Verified the new patch works here as a replacement for curl-7.18.2-nss-thread-safety.patch. It seems like initializing globals in a library is prone to clashes, though (what if rpm did initialize the Policy but only enabled a single cipher, for instance?). Does libnss not have a session or context abstraction? So we could create an nss context and then initialize that context separately from the context that rpm creates?
Patch from comment #9 is now applied in rawhide.
You can only call NSS_Init* once in a program. Subsequent calls are ignored. Calling NSS_Init* initializes some default values such as what ciphers are available (none by default). One can override this on both the default level and the per-socket level. So globally you can enable cipher X but disable it in a given connection if you want.
(In reply to comment #11) > Patch from comment #9 is now applied in rawhide. Thanks jnovy. If we could get this applied to Fedora 9 & 10 as well, it will fix some bugs we see when using koji's python bindings and pycurl together.
Jnovy, do you plan on pushing this fix to Fedora 8-10 ?

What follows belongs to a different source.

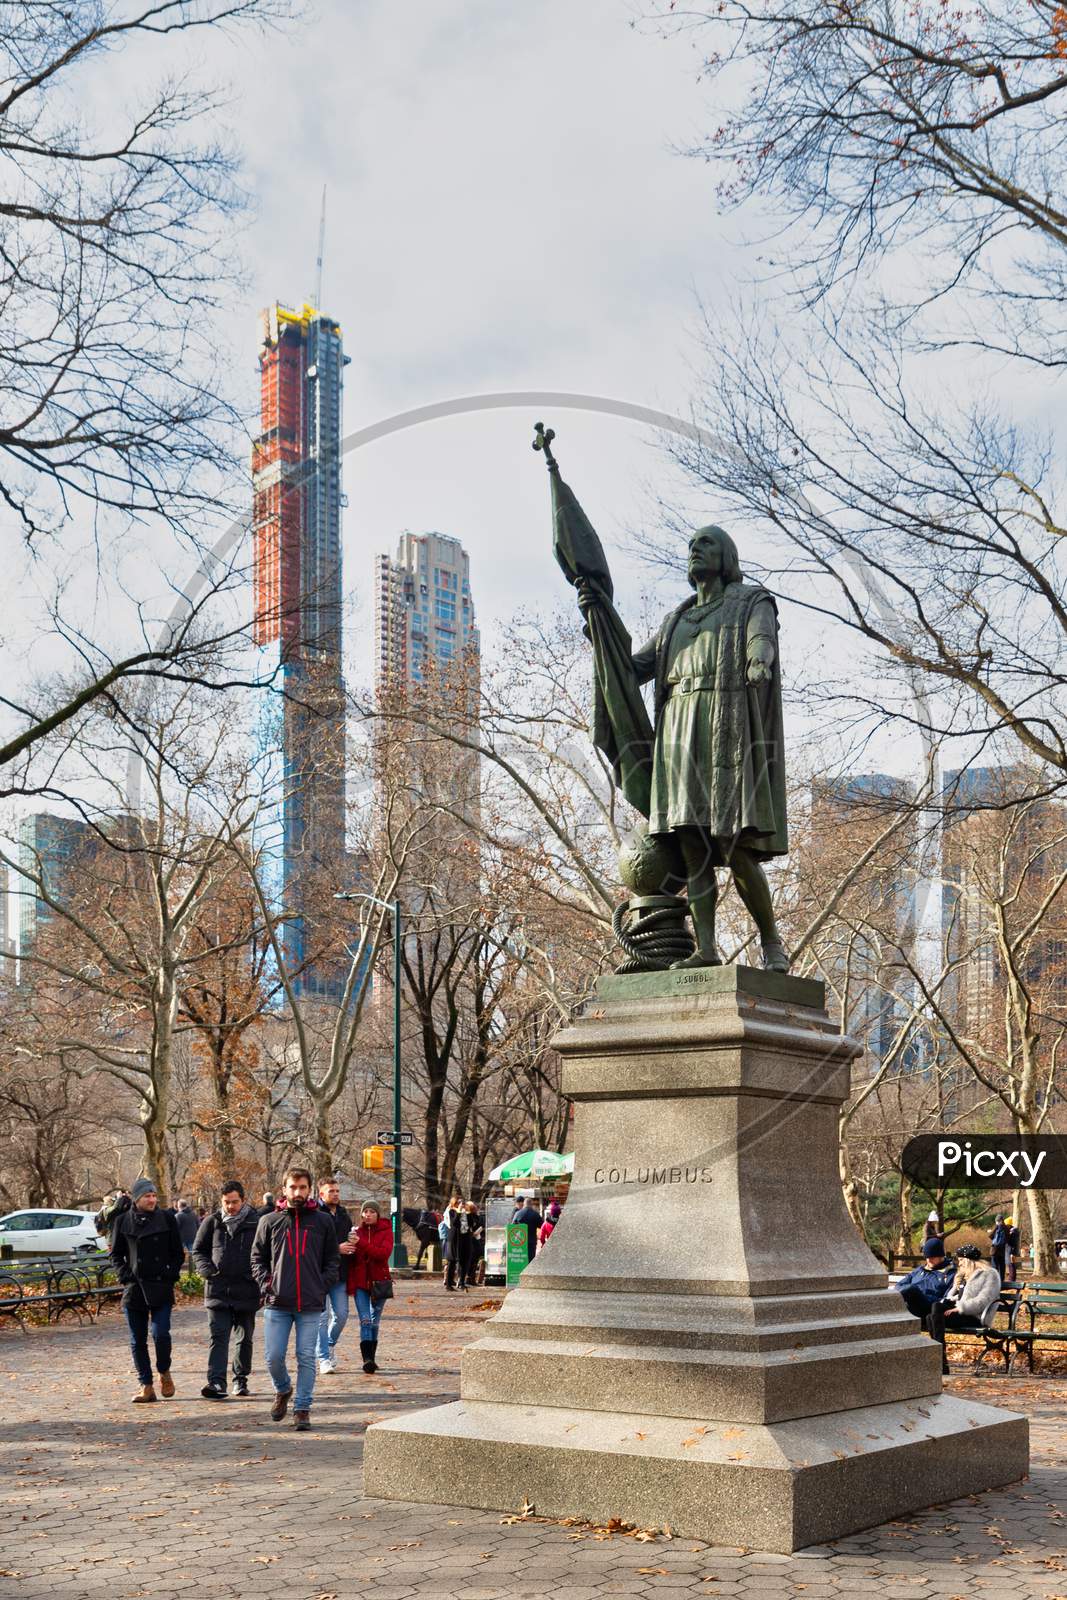 Christopher Columbus Statue (by  Jeronimo Suol)  in Central park New York city daylight view with trees and clouds in sky

curl-7.18.2-7.fc9 has been submitted as an update for Fedora 9. http://admin.fedoraproject.org/updates/curl-7.18.2-7.fc9
curl-7.18.2-7.fc8 has been submitted as an update for Fedora 8. http://admin.fedoraproject.org/updates/curl-7.18.2-7.fc8
curl-7.18.2-9.fc10 has been submitted as an update for Fedora 10. http://admin.fedoraproject.org/updates/curl-7.18.2-9.fc10
curl-7.18.2-7.fc8 has been pushed to the Fedora 8 testing repository. If problems still persist, please make note of it in this bug report. If you want to test the update, you can install it with su -c 'yum --enablerepo=updates-testing-newkey update curl'. You can provide feedback for this update here: http://admin.fedoraproject.org/updates/F8/FEDORA-2008-11405
curl-7.18.2-7.fc9 has been pushed to the Fedora 9 testing repository. If problems still persist, please make note of it in this bug report. If you want to test the update, you can install it with su -c 'yum --enablerepo=updates-testing-newkey update curl'. You can provide feedback for this update here: http://admin.fedoraproject.org/updates/F9/FEDORA-2008-11375
curl-7.18.2-9.fc10 has been pushed to the Fedora 10 testing repository. If problems still persist, please make note of it in this bug report. If you want to test the update, you can install it with su -c 'yum --enablerepo=updates-testing update curl'. You can provide feedback for this update here: http://admin.fedoraproject.org/updates/F10/FEDORA-2008-11340
curl-7.18.2-9.fc10 has been pushed to the Fedora 10 stable repository. If problems still persist, please make note of it in this bug report.
curl-7.18.2-7.fc9 has been pushed to the Fedora 9 stable repository. If problems still persist, please make note of it in this bug report.
curl-7.18.2-7.fc8 has been pushed to the Fedora 8 stable repository. If problems still persist, please make note of it in this bug report.